(a) In the standard notation \xi \equiv \sqrt{m \omega / \hbar} x, \alpha \equiv(m \omega / \pi \hbar)^{1 / 4} .
\Psi(x, 0)=A(1-2 \xi)^{2} e^{-\xi^{2} / 2}=A\left(1-4 \xi+4 \xi^{2}\right) e^{-\xi^{2} / 2} .
It can be expressed as a linear combination of the first three stationary states (Eq. 2.60 and 2.63, and Problem 2.10):
\psi_{0}(x)=\left(\frac{m \omega}{\pi \hbar}\right)^{1 / 4} e^{-\frac{m \omega}{2 \hbar} x^{2}} (2.60).

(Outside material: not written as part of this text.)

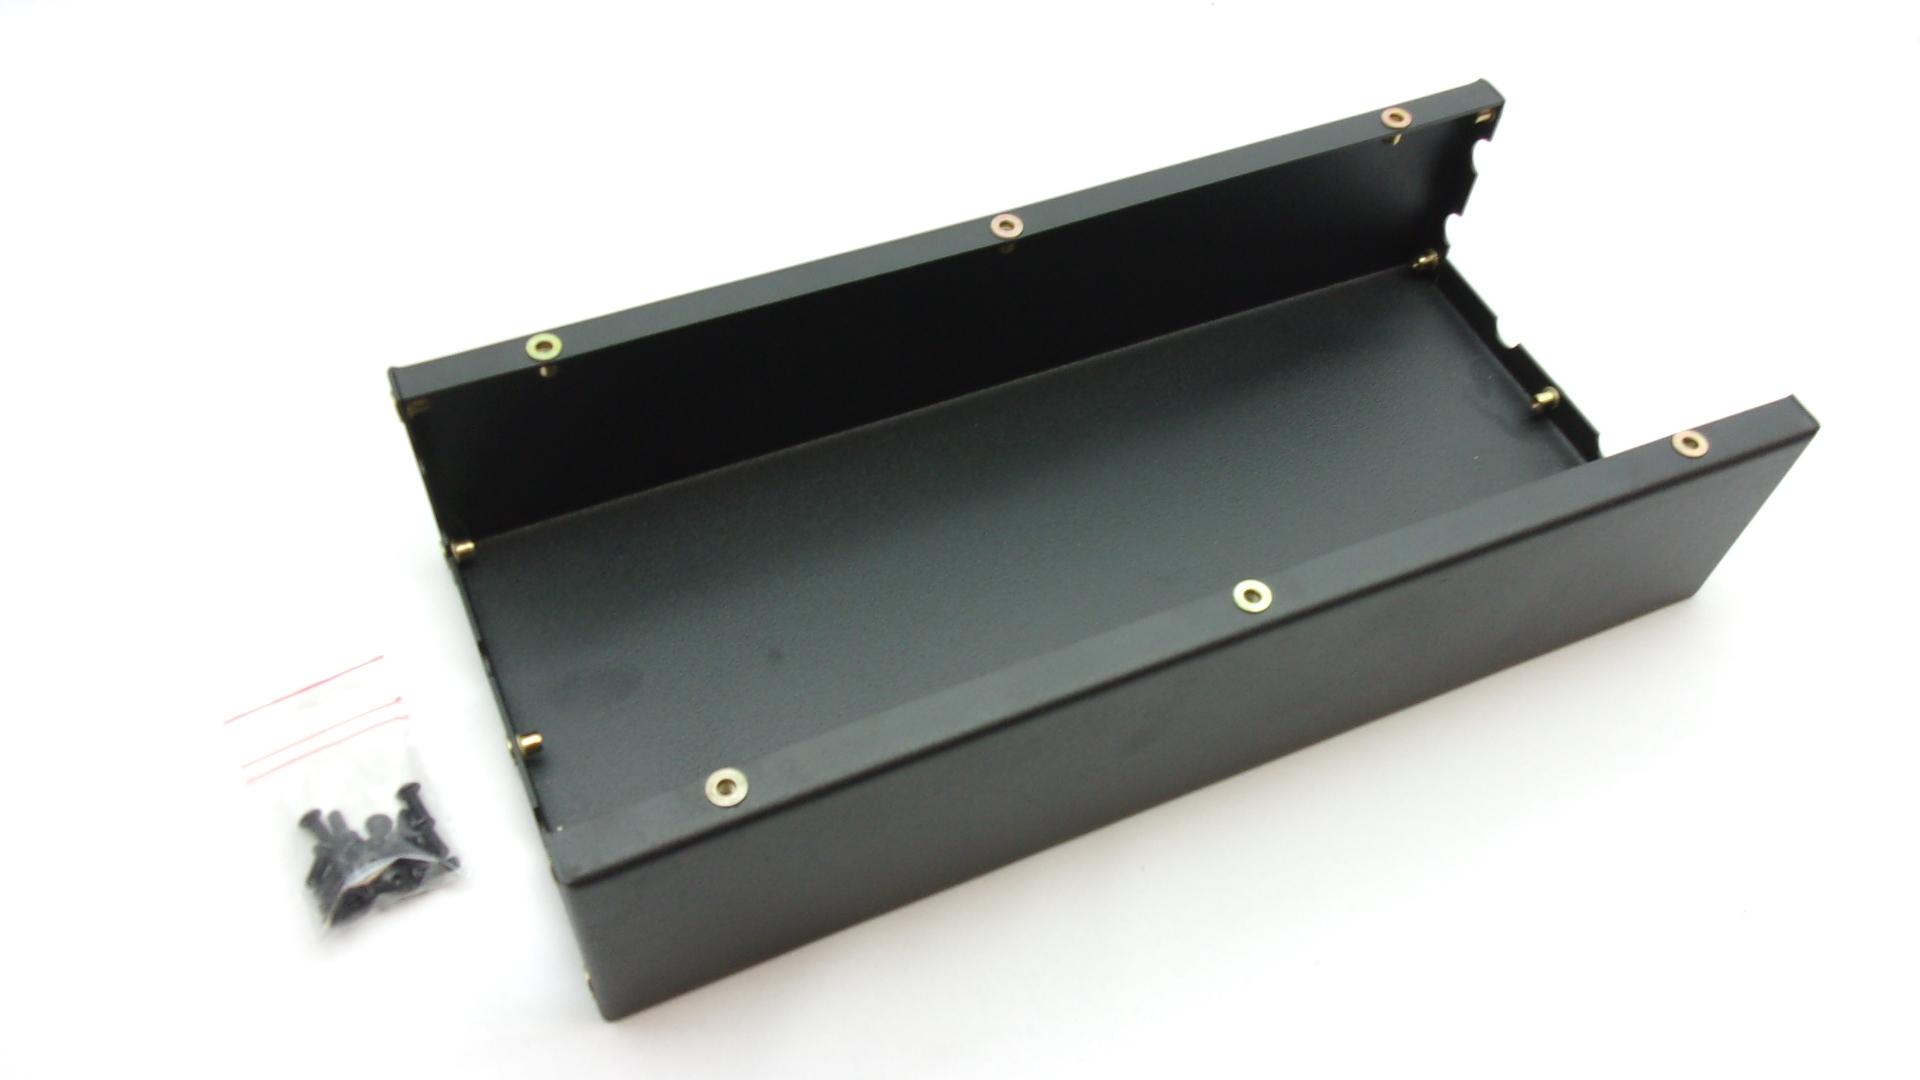 livraison gratuite chassis aluminium en u pour coffret tbox coffrets tbox prozic. Black Bedroom Furniture Sets. Home Design Ideas
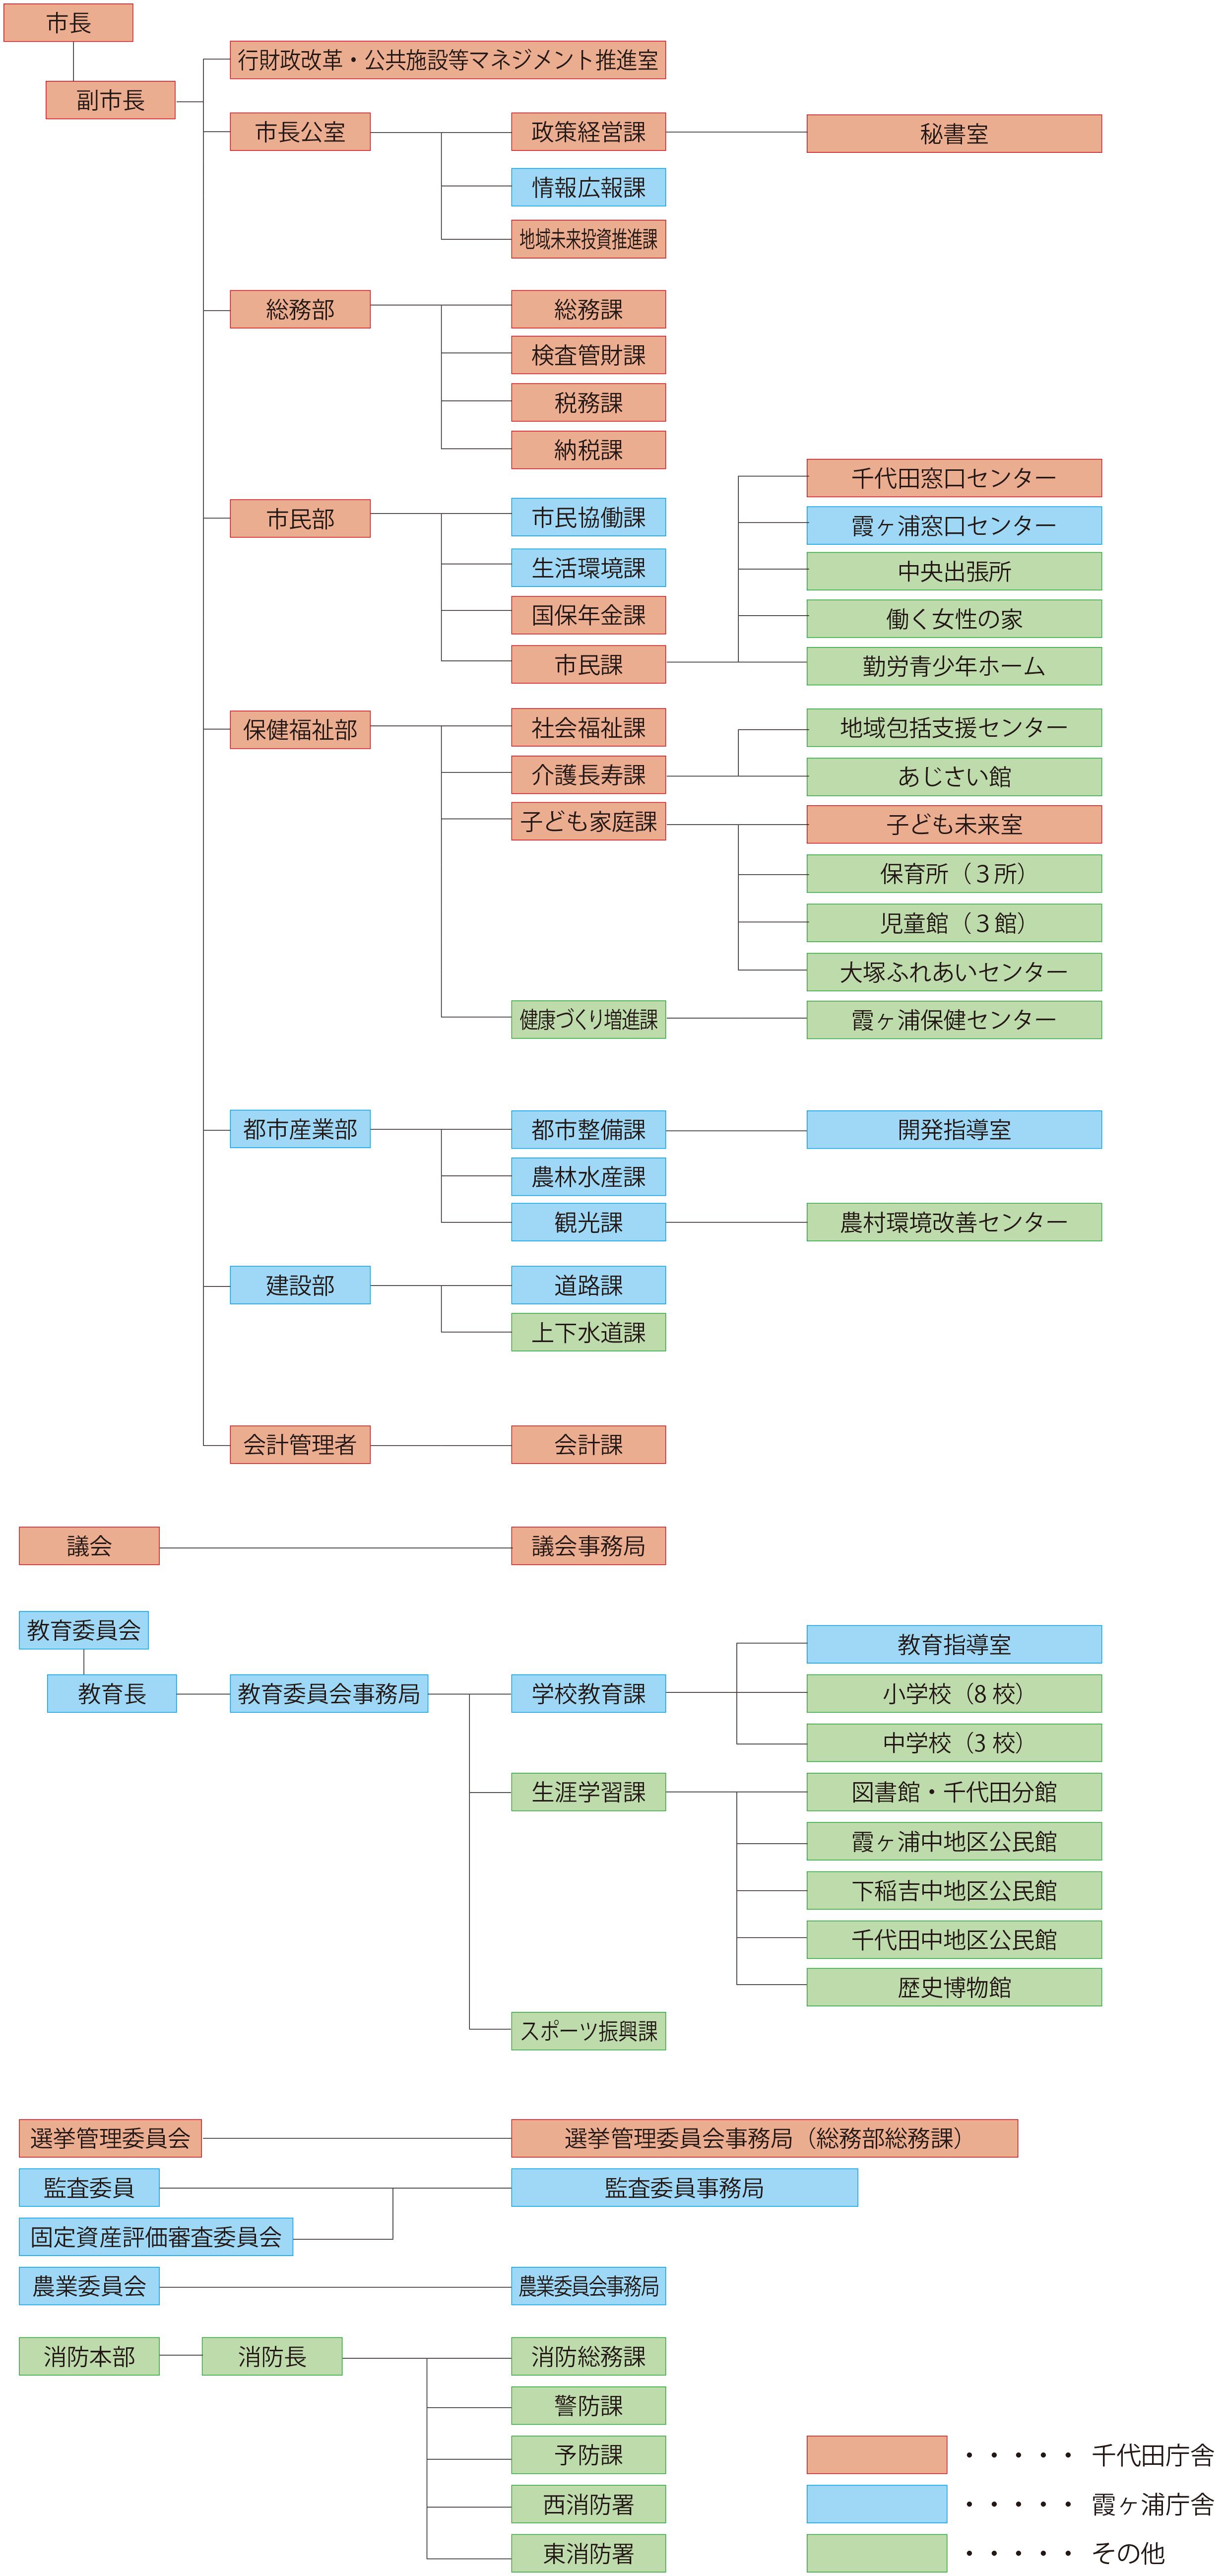 『『令和2年度組織・機構図』の画像』の画像

\psi_{1}(x)=A_{1} \hat{a}_{+} \psi_{0}=\frac{A_{1}}{\sqrt{2 \hbar m \omega}}\left(-\hbar \frac{d}{d x}+m \omega x\right)\left(\frac{m \omega}{\pi \hbar}\right)^{1 / 4} e^{-\frac{m \omega}{2 \hbar} x^{2}}
=A_{1}\left(\frac{m \omega}{\pi \hbar}\right)^{1 / 4} \sqrt{\frac{2 m \omega}{\hbar}} x e^{-\frac{m \omega}{2 \hbar} x^{2}} (2.63).

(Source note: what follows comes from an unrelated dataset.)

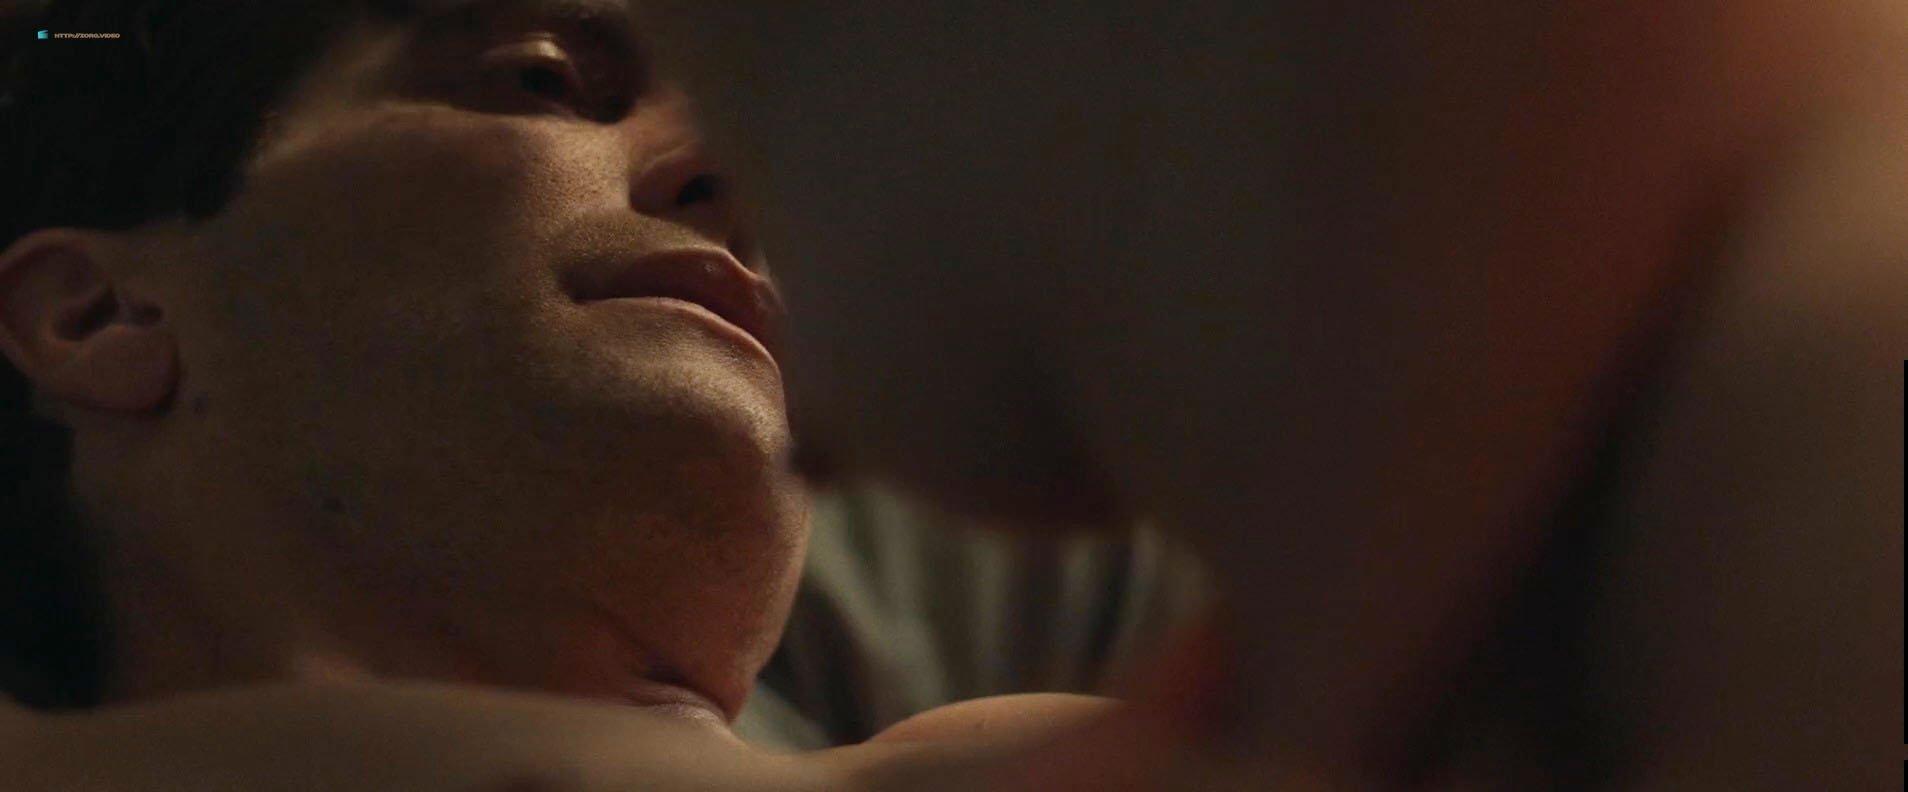 Tatiana Maslany nude - Stronger (2017)

\psi_{0}(x)=\alpha e^{-\xi^{2} / 2} ,
\psi_{1}(x)=\sqrt{2} \alpha \xi e^{-\xi^{2} / 2} ,
\psi_{2}(x)=\frac{\alpha}{\sqrt{2}}\left(2 \xi^{2}-1\right) e^{-\xi^{2} / 2} .

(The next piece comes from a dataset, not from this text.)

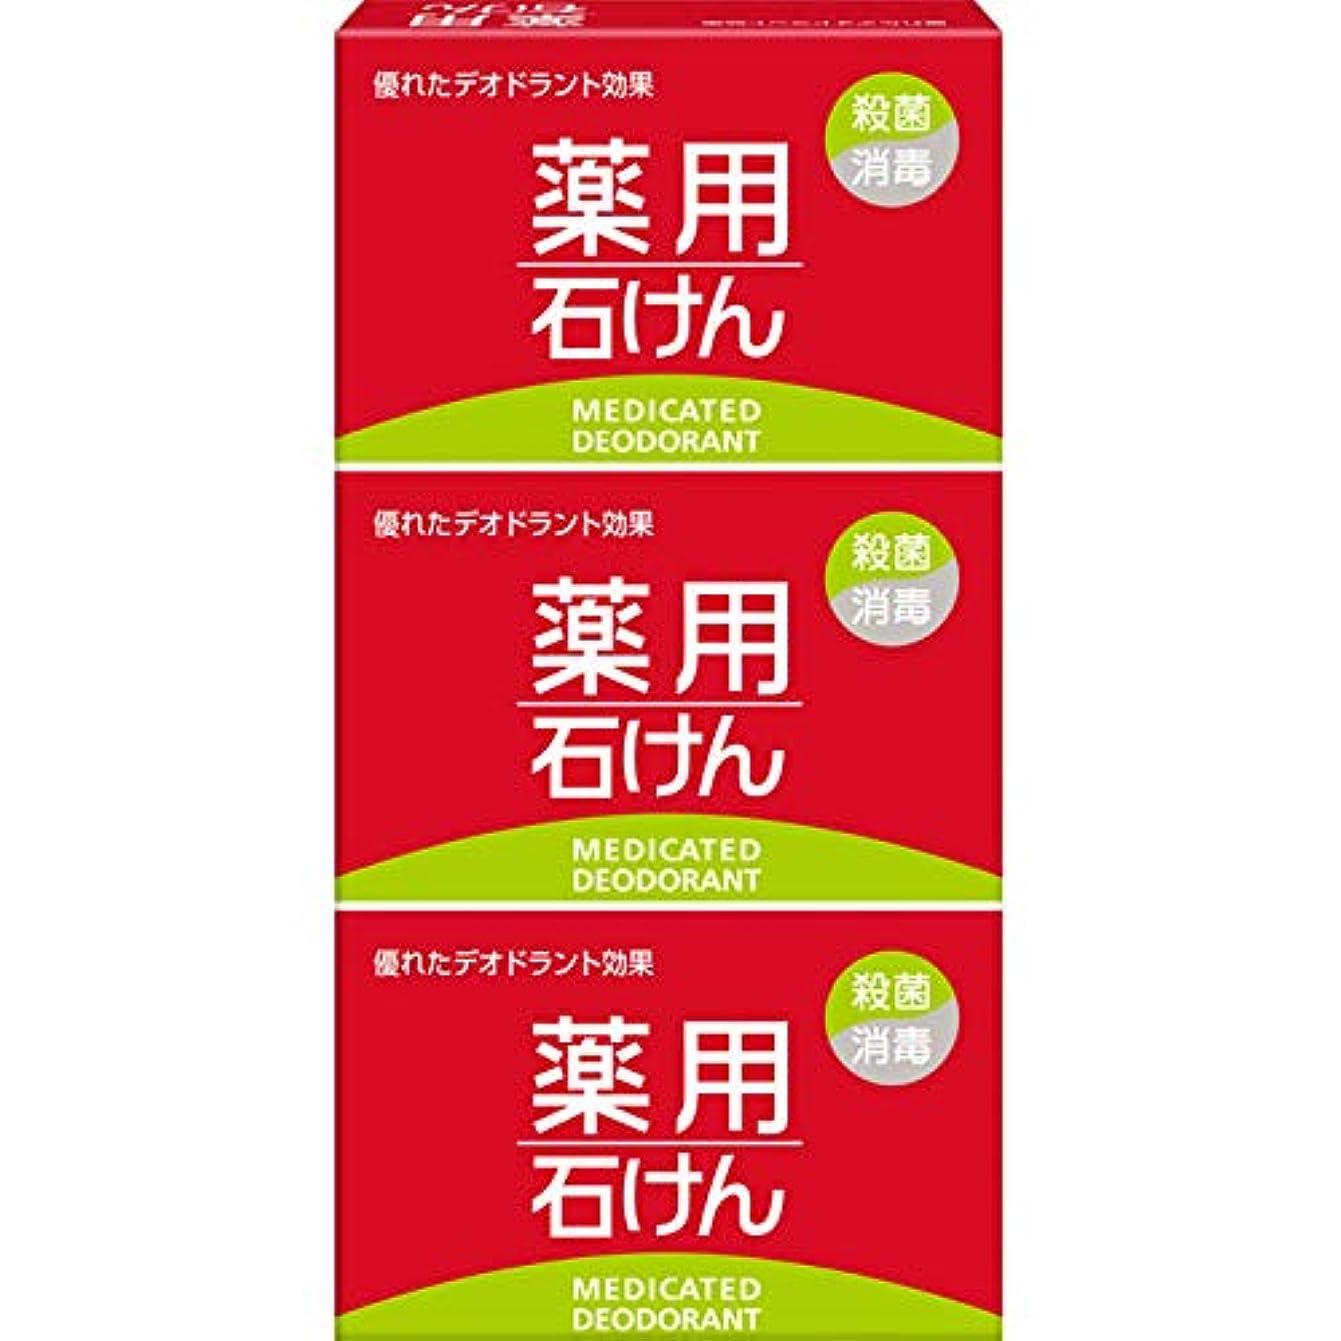 派手評価可能レンダリング薬用石けん 100g×3個 (医薬部外品)

So \Psi(x, 0)=c_{0} \psi_{0}+c_{1} \psi_{1}+c_{2} \psi_{2}=\alpha\left(c_{0}+\sqrt{2} \xi c_{1}+\sqrt{2} \xi^{2} c_{2}-\frac{1}{\sqrt{2}} c_{2}\right) e^{-\xi^{2} / 2} , with (equating like powers)
\begin{cases}\alpha \sqrt{2} c_{2}=4 A & \Rightarrow c_{2}=2 \sqrt{2} A / \alpha \\ \alpha \sqrt{2} c_{1}=-4 A & \Rightarrow c_{1}=-2 \sqrt{2} A / \alpha \\ \alpha\left(c_{0}-c_{2} / \sqrt{2}\right)=A & \Rightarrow c_{0}=(A / \alpha)+c_{2} / \sqrt{2}=(1+2) A / \alpha=3 A / \alpha\end{cases} .
Normalizing: 1=\left|c_{0}\right|^{2}+\left|c_{1}\right|^{2}+\left|c_{2}\right|^{2}=(8+8+9)(A / \alpha)^{2}=25(A / \alpha)^{2} \Rightarrow A=\alpha / 5 = \frac{1}{5}\left(\frac{m \omega}{\pi \hbar}\right)^{1 / 4} .
c_{0}=\frac{3}{5}, \quad c_{1}=-\frac{2 \sqrt{2}}{5}, \quad c_{2}=\frac{2 \sqrt{2}}{5} .
(b) You could get \frac{1}{2} \hbar \omega probability, \frac{9}{25} ; \frac{3}{2} \hbar \omega, , probability \frac{8}{25} ; \frac{5}{2} \hbar \omega, , probability \frac{8}{25}
\langle H\rangle=\frac{9}{25}\left(\frac{1}{2} \hbar \omega\right)+\frac{8}{25}\left(\frac{3}{2} \hbar \omega\right)+\frac{8}{25}\left(\frac{5}{2} \hbar \omega\right)=\frac{\hbar \omega}{50}(9+24+40) = \frac{73}{50} \hbar \omega .
(c)
\Psi(x, t)=\frac{3}{5} \psi_{0} e^{-i \omega t / 2}-\frac{2 \sqrt{2}}{5} \psi_{1} e^{-3 i \omega t / 2}+\frac{2 \sqrt{2}}{5} \psi_{2} e^{-5 i \omega t / 2}=e^{-i \omega t / 2}\left[\frac{3}{5} \psi_{0}-\frac{2 \sqrt{2}}{5} \psi_{1} e^{-i \omega t}+\frac{2 \sqrt{2}}{5} \psi_{2} e^{-2 i \omega t}\right] .
To change the sign of the middle term we need e^{-i \omega T}=-1 (then e^{-2 i \omega T}=1 ); evidently \omega T=\pi , or T = π/ω.